A: For the following situations:

  1. For real-time data archiving, when the failed job is restarted, it will re-archive all the failed data in the last 3 days automatically. If the job failed for more than 3 days, it can process data in the latest 3 days only. Therefore, when the data archiving job failure triggers the alert notification through SMS or email, the alert receiver must take action in time to avoid data loss.
  2. For offline data archiving, when the failed job is restarted, it will re-archive all the data again.

Data Synchronization and Batch Processing

FAQs for Data Synchronization and Batch Processing are as follows:

Q: Does Data Synchronization service supports synchronizing both structured data and unstructured data?

A: Yes. Data Synchronization service supports synchronizing structured data and file stream (unstructured data).

Q: Do Data Synchronization and Batch Processing services support system variables?

A: Yes. Data Synchronization and Batch Processing services support triggering time and business date variables, time-related variables, and non-time-related variables to achieve dynamic parameter transfer. For detailed information, see Supported System Variables.

Q: Do Data Synchronization and Batch Processing services support resource isolation?

A: Yes. Currently, the resources used by the Data Synchronization and Batch Processing services are dynamically requested on demand. After data synchronization and batch processing jobs are completed, the resources can be released. The requested resources are completely isolated and do not affect each other.

Q: Does the Batch Processing service support distributed operation of multiple tasks?

A: Yes. When configuring the running mode of a batch processing task, you can specify the source of the distribution key to enable distributed operation of multiple tasks for enhancing running efficiency.

Q: Do Data Synchronization and Batch Processing services support alert configuration?

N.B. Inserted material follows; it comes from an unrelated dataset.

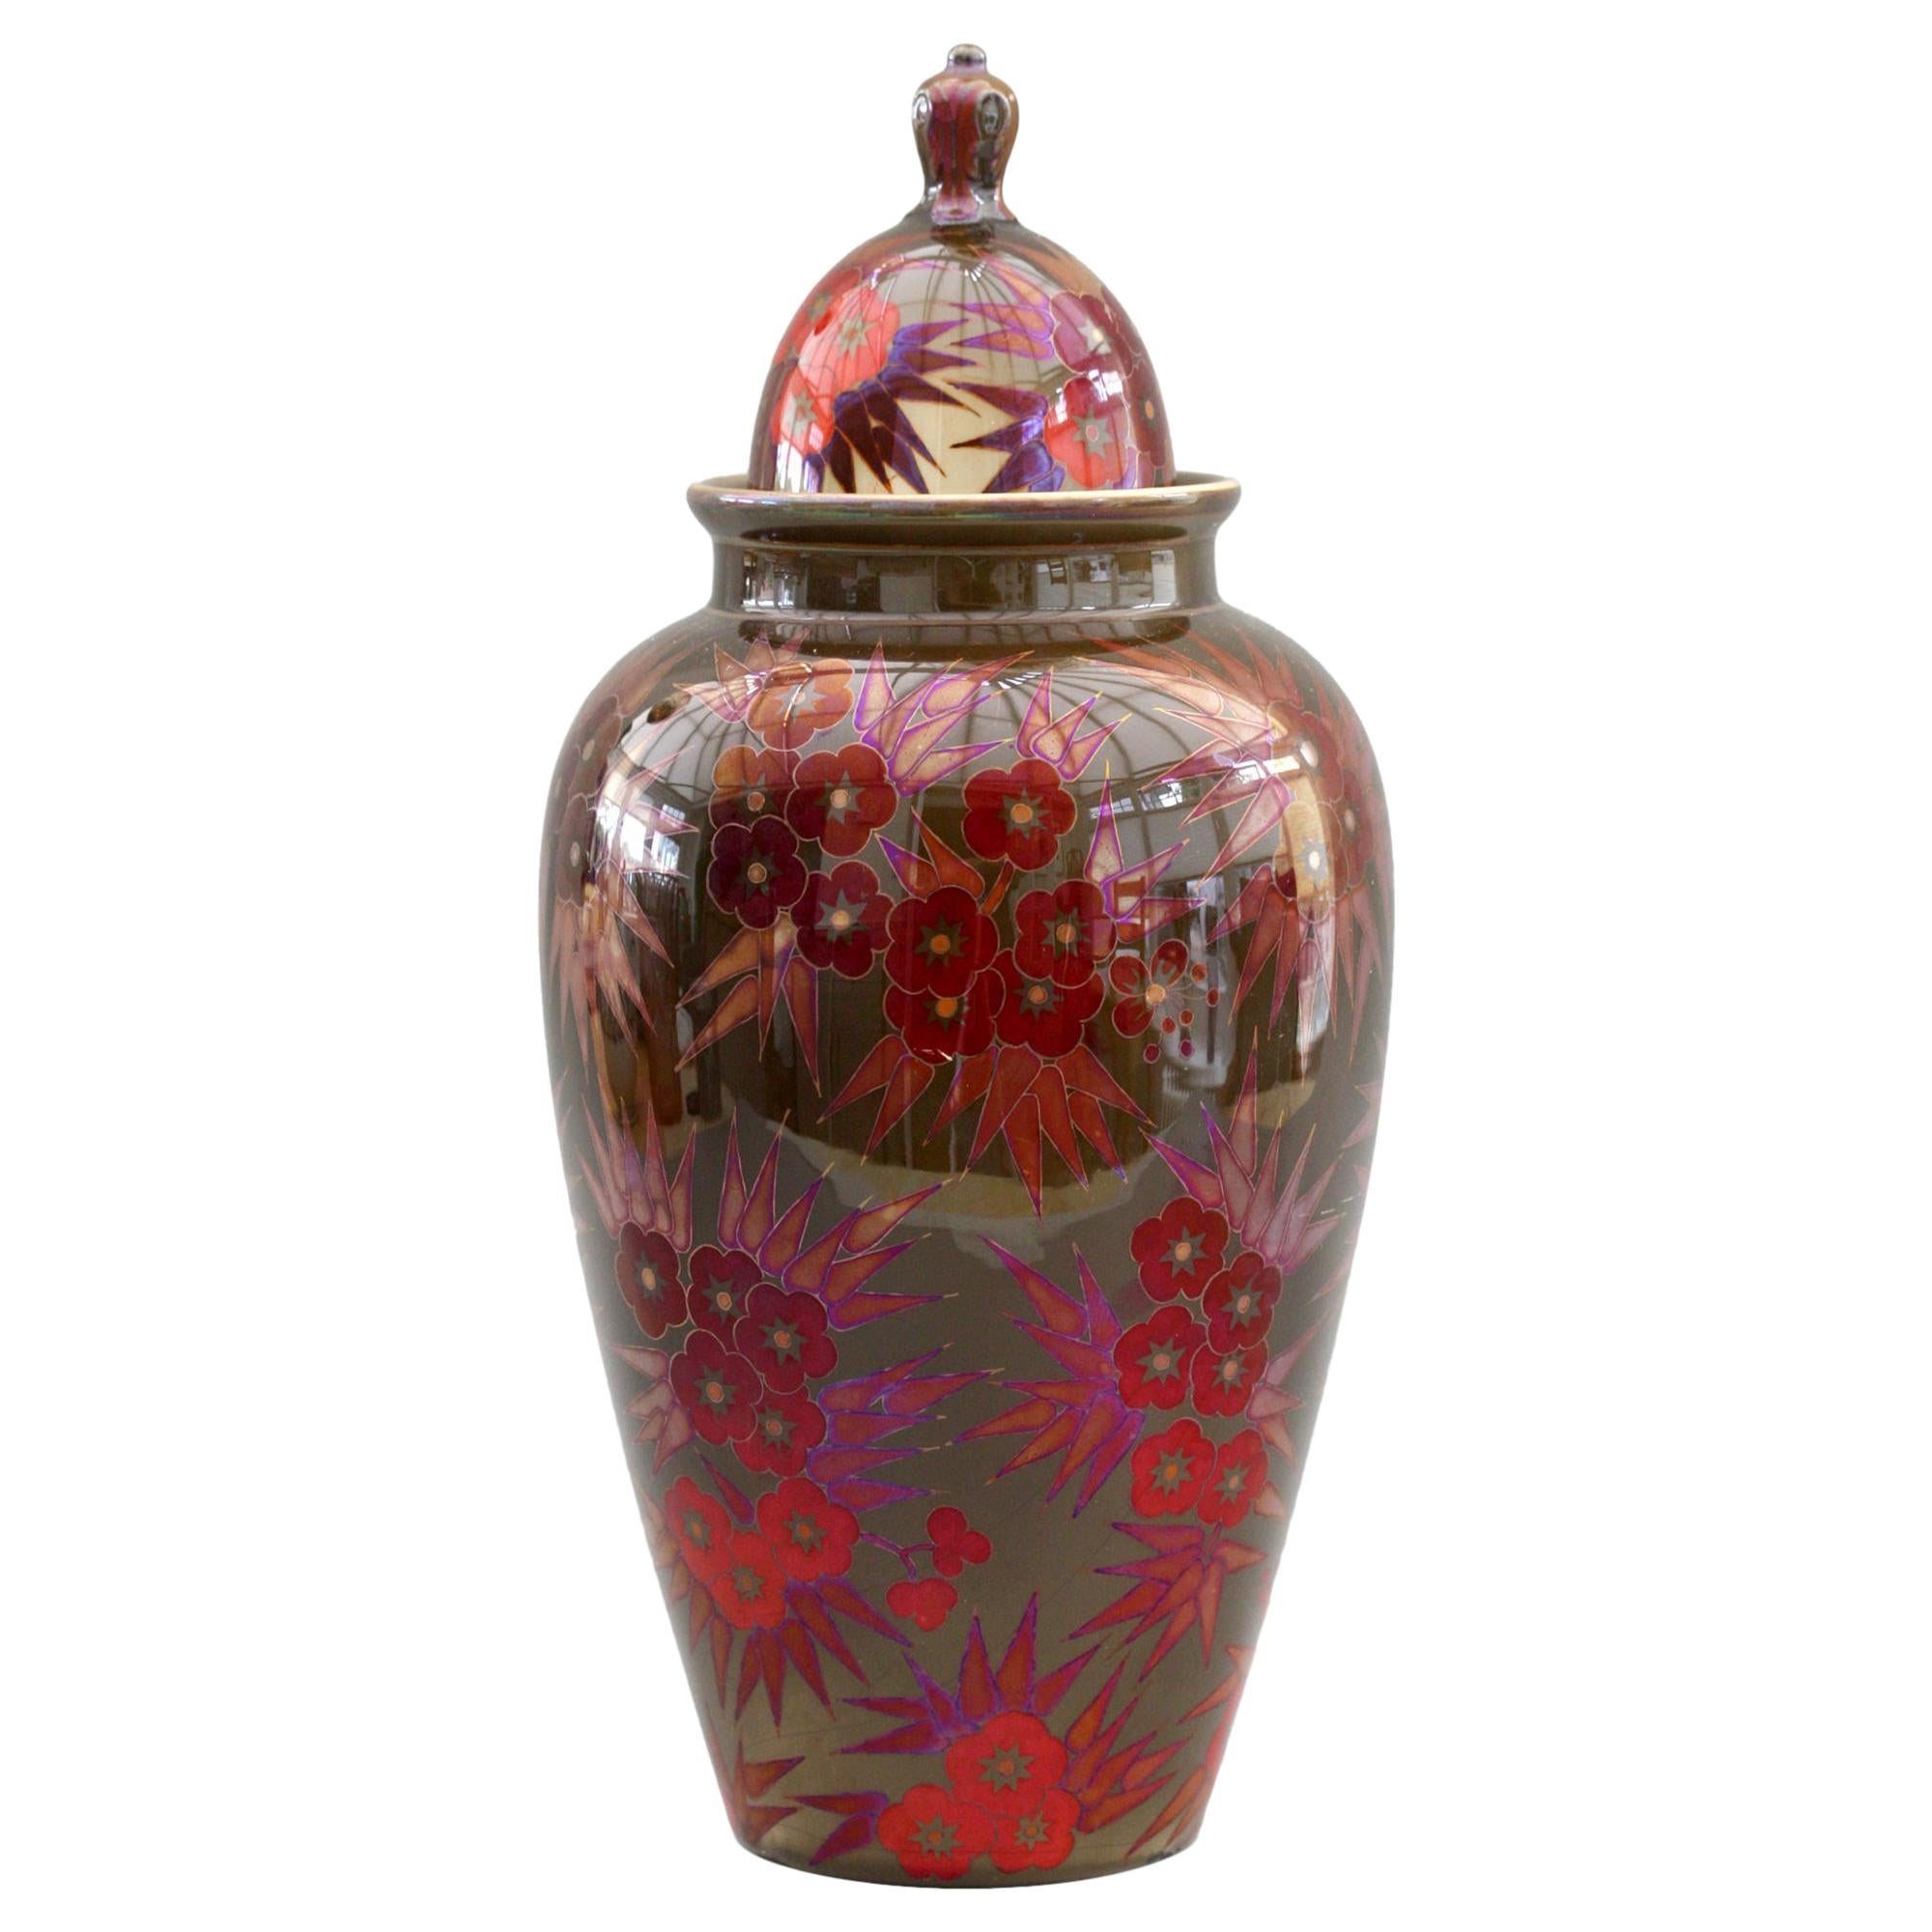 Zsolnay Pecs Art Deco Eosin Lustre Glazed Floral Decorated Lidded Vase

A: Yes. After configuring alert service for the Data Synchronization and Batch Processing services, the alert messages will be sent to the specified receivers through SMS or email upon running exception.

Q: Does the Batch Processing service support calling by external applications?

A: Yes. The Batch Processing service provides REST APIs for integration with external applications.

Q: Can data be filtered only by the row level when synchronizing data from MySQL, SQL Server, or Oracle to EnOS Hive? Can I configure column-level data filtering conditions or complex query conditions to filter data in the data source?

A: Besides configuring row-level data filtering conditions in the data source, you can click Switch to SQL and enter data query statements to filter data when configuring the data synchronization job. However, note that the performance of SQL query statements depends on the performance of the source databases. Running SQL statements might also impact the database performance. It is not recommended to enter SQL query statements that are too complicated.

Q: Why does the status of a batch processing workflow remain Running when the running log shows that it is completed?

A: When the running of the last task node of the workflow is completed, the status of the workflow might remain Running because the workflow status is monitored and triggered by another process. The status change has a short latency.